Finally, First Day of School Is Almost Here

What a great and adventurous weekend I had before class starts on Monday. My friend Nami and I went to Brooklyn for the first time. We were heading down to Brooklyn Museum to visit the Mummy Exhibition and also to be inspired by the art works there. I Googled the address via my phone, got off the subway train stop and realized that we had to walk for a little over two miles! How was that possible? Well, apparently it was leading us to the Transportation Museum, on the other side of the town... Oh boy, did we do some walking exercise. By the time we got to the Brooklyn Museum, we were exhausted. Seeing the mummies were, however, so worth it. We finished off the weekend by having a nice dinner with friends; pizza at Olio and gelato at Grom.

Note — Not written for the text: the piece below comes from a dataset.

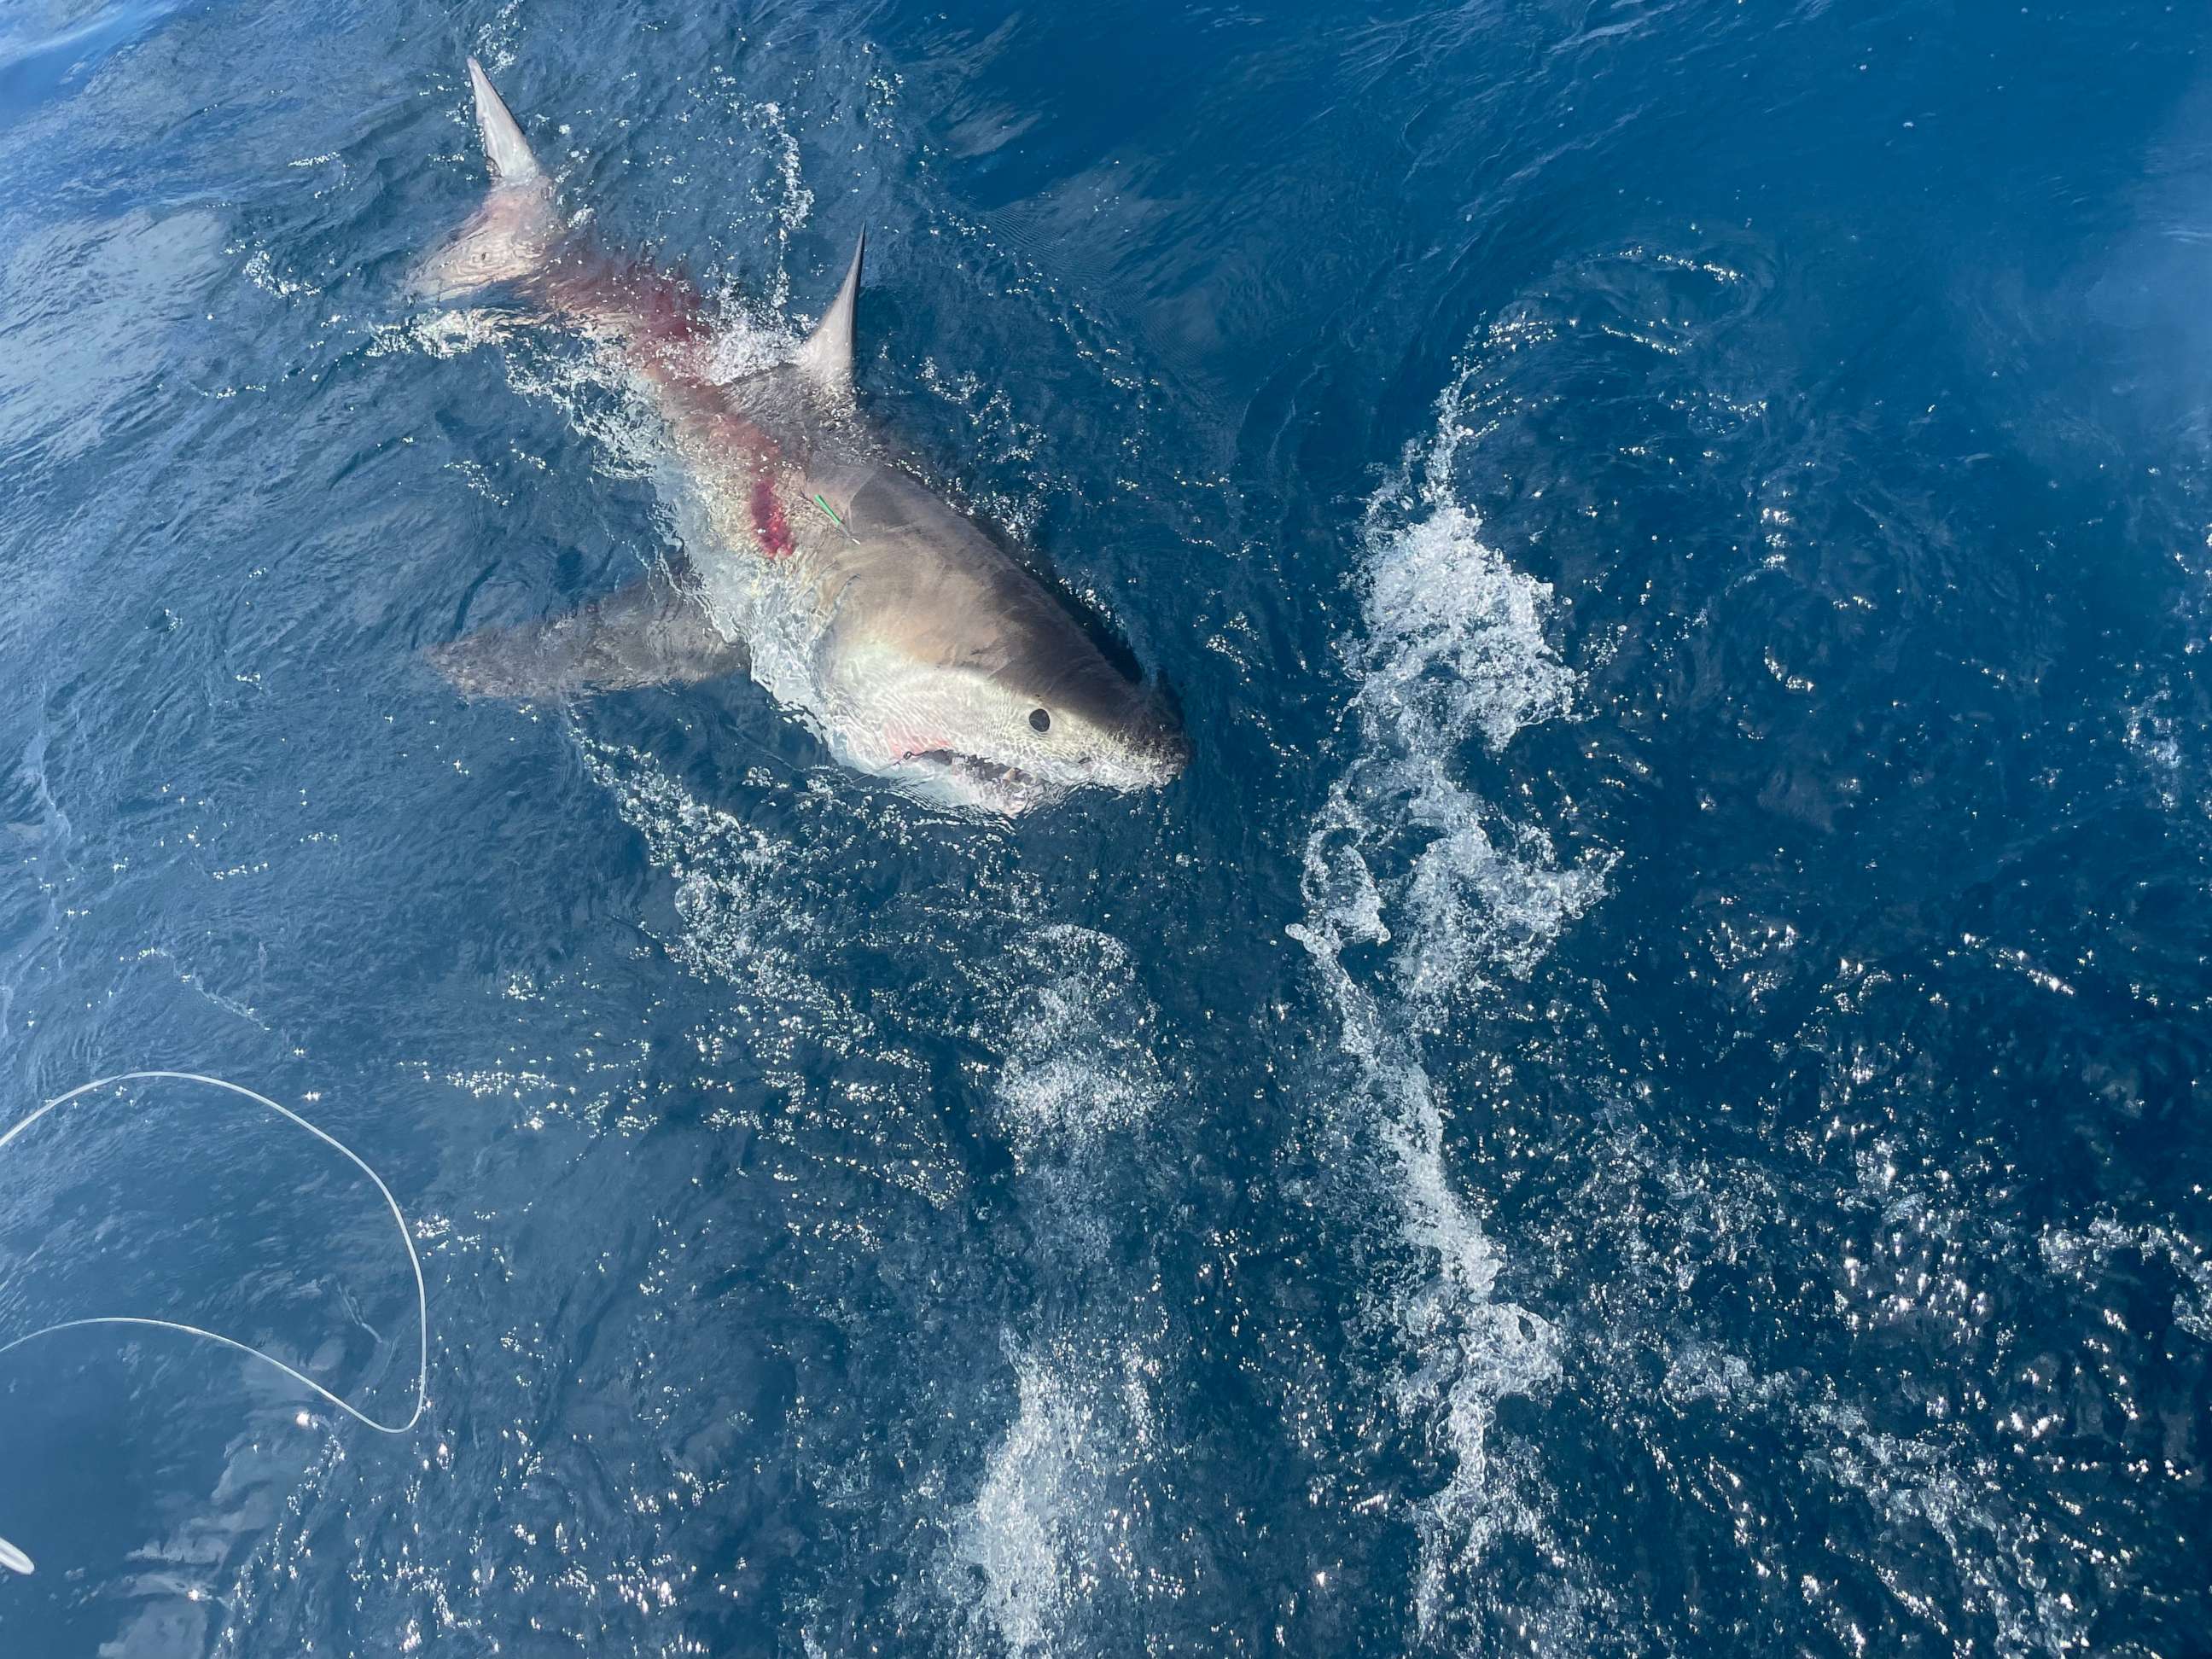 PHOTO: The great white shark caught by 12-year-old Cambell Keenan while fishing in Florida.

Until next time, exciting blog about our first day of Cake Design & Technique. :)

Friday, May 6, 2011

A Little Vacation Before Class Starts...

After the orientation, there are about four days of free time before school begins. I am fortunate to room with my fellow Cake Design classmate, Nami, and we have been adventuring New York City together since day one. I must say that we have been doing quite well; the fact that in the past three days, we visited Chinatown three times, tried quite a few good hole in the wall restaurants, found a tailor for uniform alteration, learned to take and switch subways... I am also lucky to have another roommate who arrived a day earlier and was able to take the train with her for the first time, getting some great tips from her about how to get around town. Some really good tools that I used were the map provided by school, my Android phone with Google map and Yelp application. One important thing was also to make sure that we had an idea of what we were going to do for the day, Google local businesses, addresses, research good restaurants reviews, etc. A big thanks to my roommate Karen for telling me about the Unlimited pass for subway train rides; if it wasn't for it being unlimited, I would be spending hundreds from getting off the wrong stop.

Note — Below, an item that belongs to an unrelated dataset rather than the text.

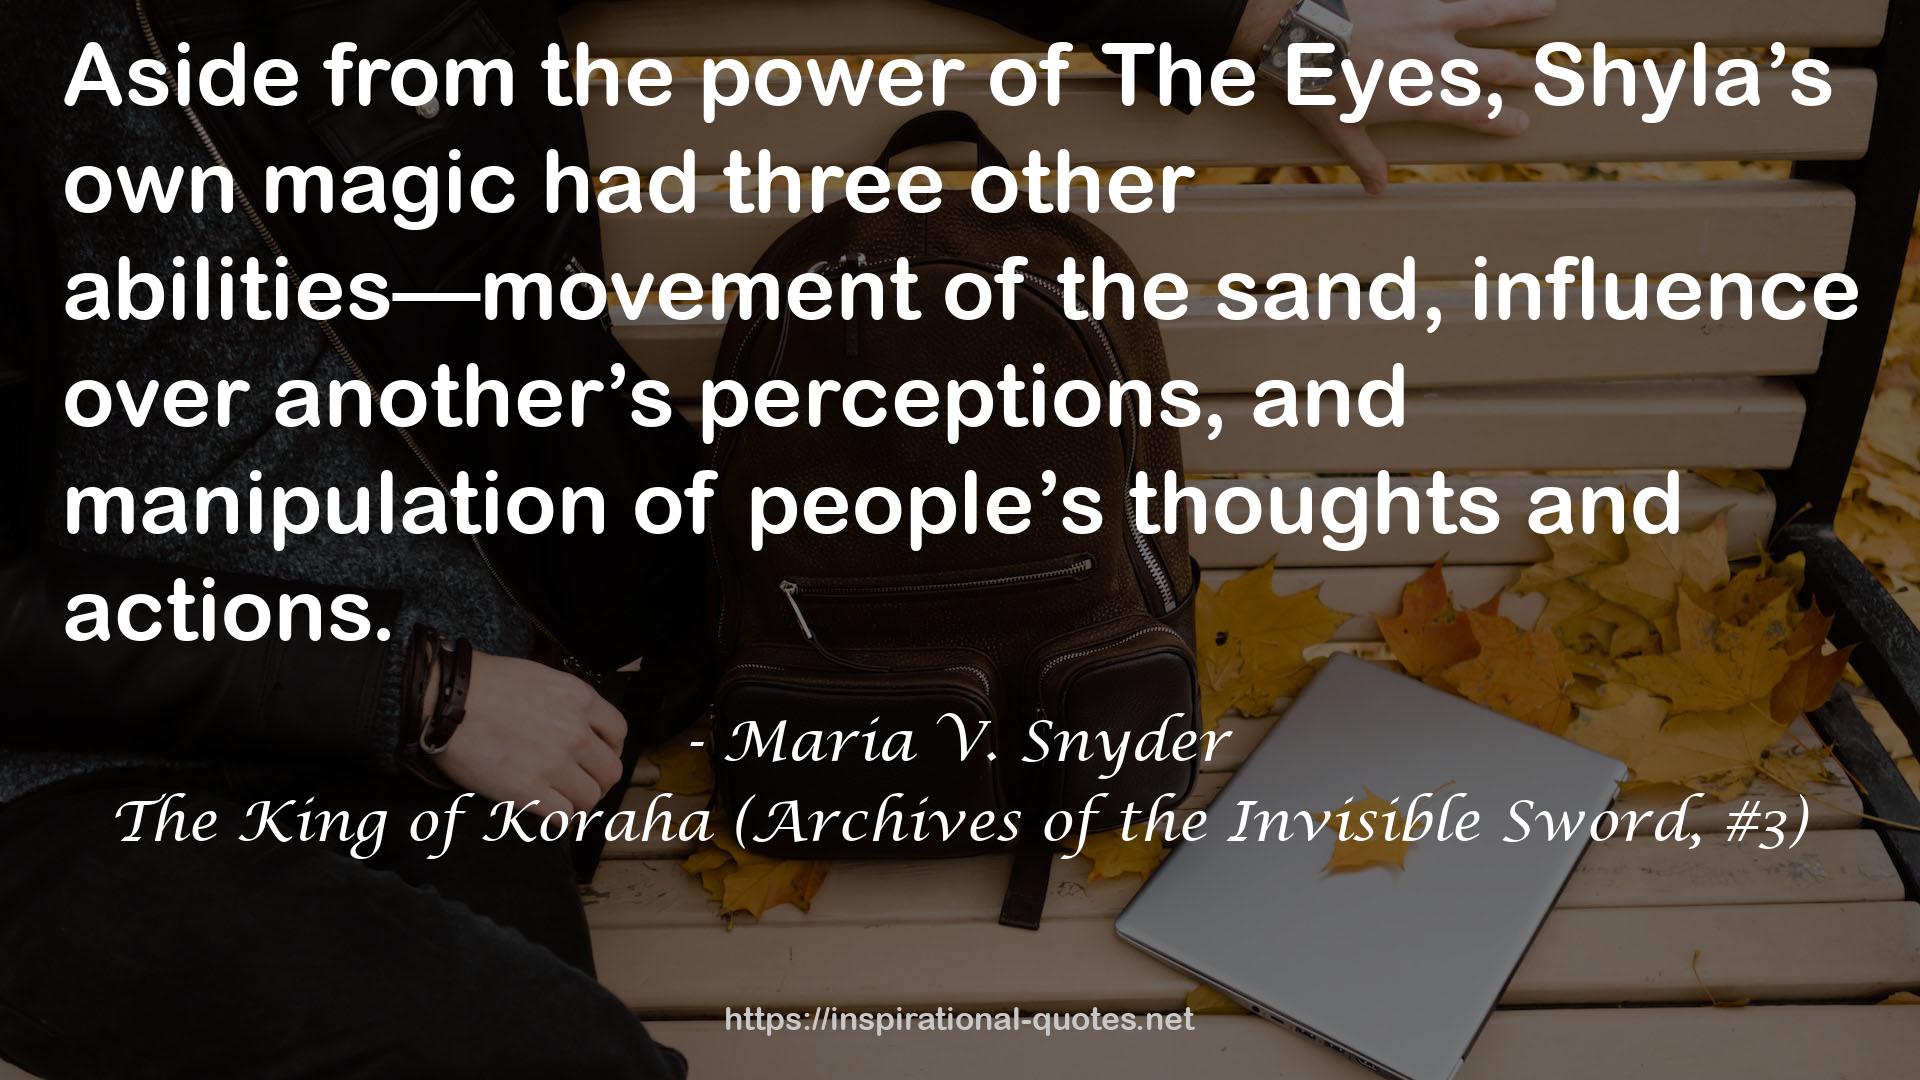 The King of Koraha (Archives of the Invisible Sword, #3) QUOTES

Now the weekend comes, tomorrow we will be visiting a farmer's market across the street from our apartment. Then museums for the rest of the day. Perhaps a nice brunch on Sunday at our school restaurant L'Ecole. Until next blog...!

Thursday, May 5, 2011

NYC

Coming to New York City to learn from Master Chef Ron Ben Israel is to further my education in the art of cake making. However, this five months experience is going to be much more than just school. There are so many places to visit, people to meet, food to eat, and everything else. I'm extremely excited about sharing my journey with everyone.

We had our orientation yesterday, and it was very informative. The exciting part was how helpful and resourceful FCI's career resources are. The volunteering opportunities, internships, and networks... I love how well managed and organized this school is. I cannot wait to get it all started!